The agreements include options for orbital test flights that the companies say could be flown as soon as 2015 or 2016.

The ASAP believed those options raised troubling questions about who would certify the flights’ safety, and whether different standards would apply to private and government astronauts.

“We’re concerned that separating the level of safety demanded in a system from the unique and hard-earned knowledge that NASA possesses has the potential to introduce new risk and unique challenges,” Dyer said.

But he later read a statement that allayed some of those concerns, in which NASA chief engineer Mike Ryschkewitsch confirmed the agency's intent not to exercise those options and not to fly people to orbit under the less restrictive Space Act Agreements, although no formal decision has been made.

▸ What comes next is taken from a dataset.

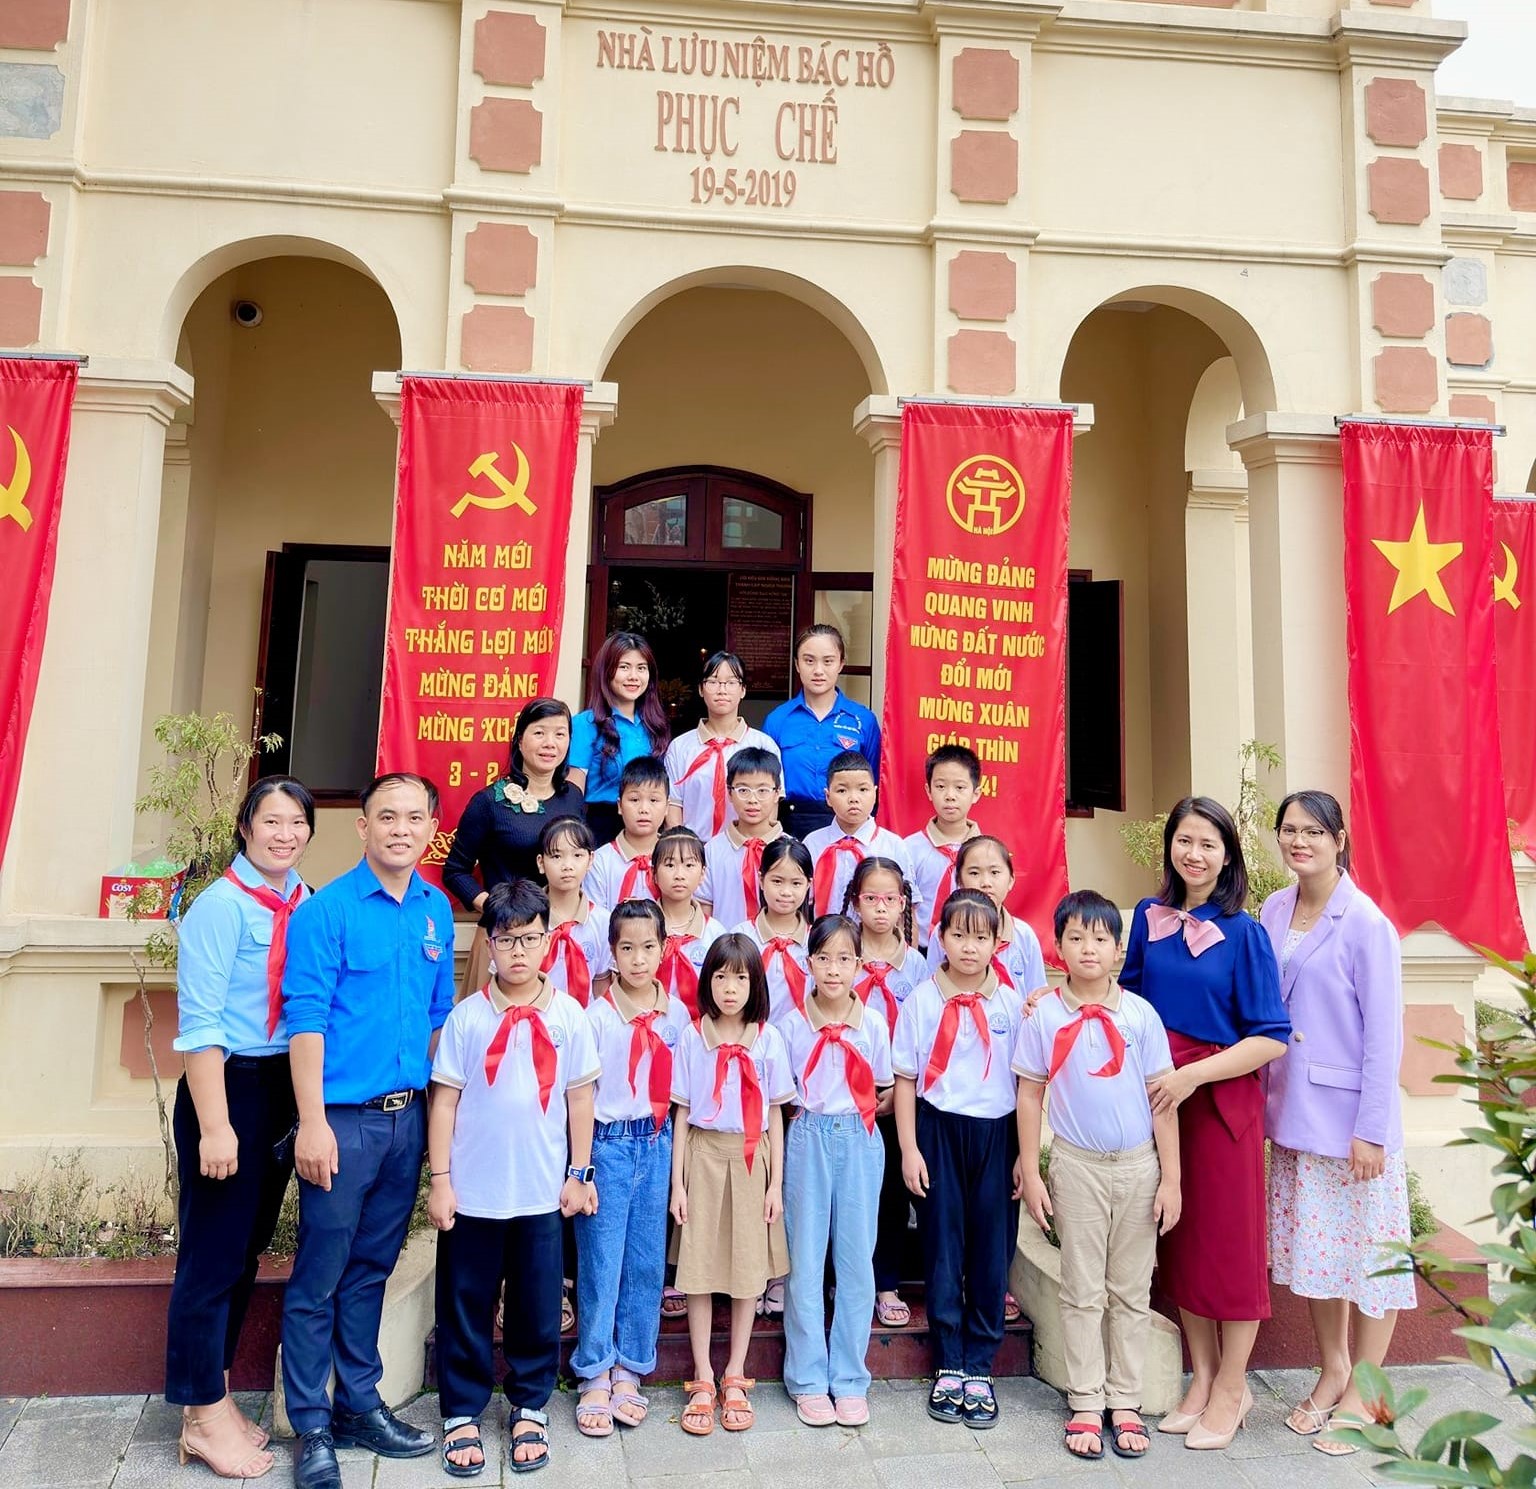 Chào mừng 93 năm ngày thành lập Đoàn thanh niên Cộng sản Hồ Chí Minh (26/3/1831-26/3/2024) 

More traditional contracts that may require more information sharing will be enforced during a two-phase certification process that began this week, something the panel considers a positive step.

But ASAP member John Frost, an independent safety consultant, said NASA still needed to develop a philosophical approach that better explained the process for certifying commercial astronaut flights — who does it and when?

“NASA and our nation are blazing a new trail of attempting to use an entirely different way of getting to space, and it’s a trail that’s not well marked,” he said.

The group also noted that Congress has given NASA’s commercial crew program roughly half the money it requested during the past two years.

The program in 2013 is expected to receive about $500 million, again well below the $830 million NASA requested.

“That drives a disconnect between planning and the funds to execute that plan,” Dyer said.

Meanwhile, NASA already has some concern about whether its new heavy-lift exploration rocket, called the Space Launch System, will be ready for a first, unmanned launch from KSC in late 2017, reported ASAP member Don McErlean, senior director for federal programs at L-3 communications.

Typically for such complex development projects, funding ramps up early on, peaks as a design matures and then drops off until production work begins.

But the SLS program has a flat budget of about $1.4 billion proposed annually through 2017.

The panel said a test flight of the Orion crew capsule remains on track for 2014. A Delta IV Heavy rocket will blast the test capsule into orbit from Cape Canaveral Air Force Station.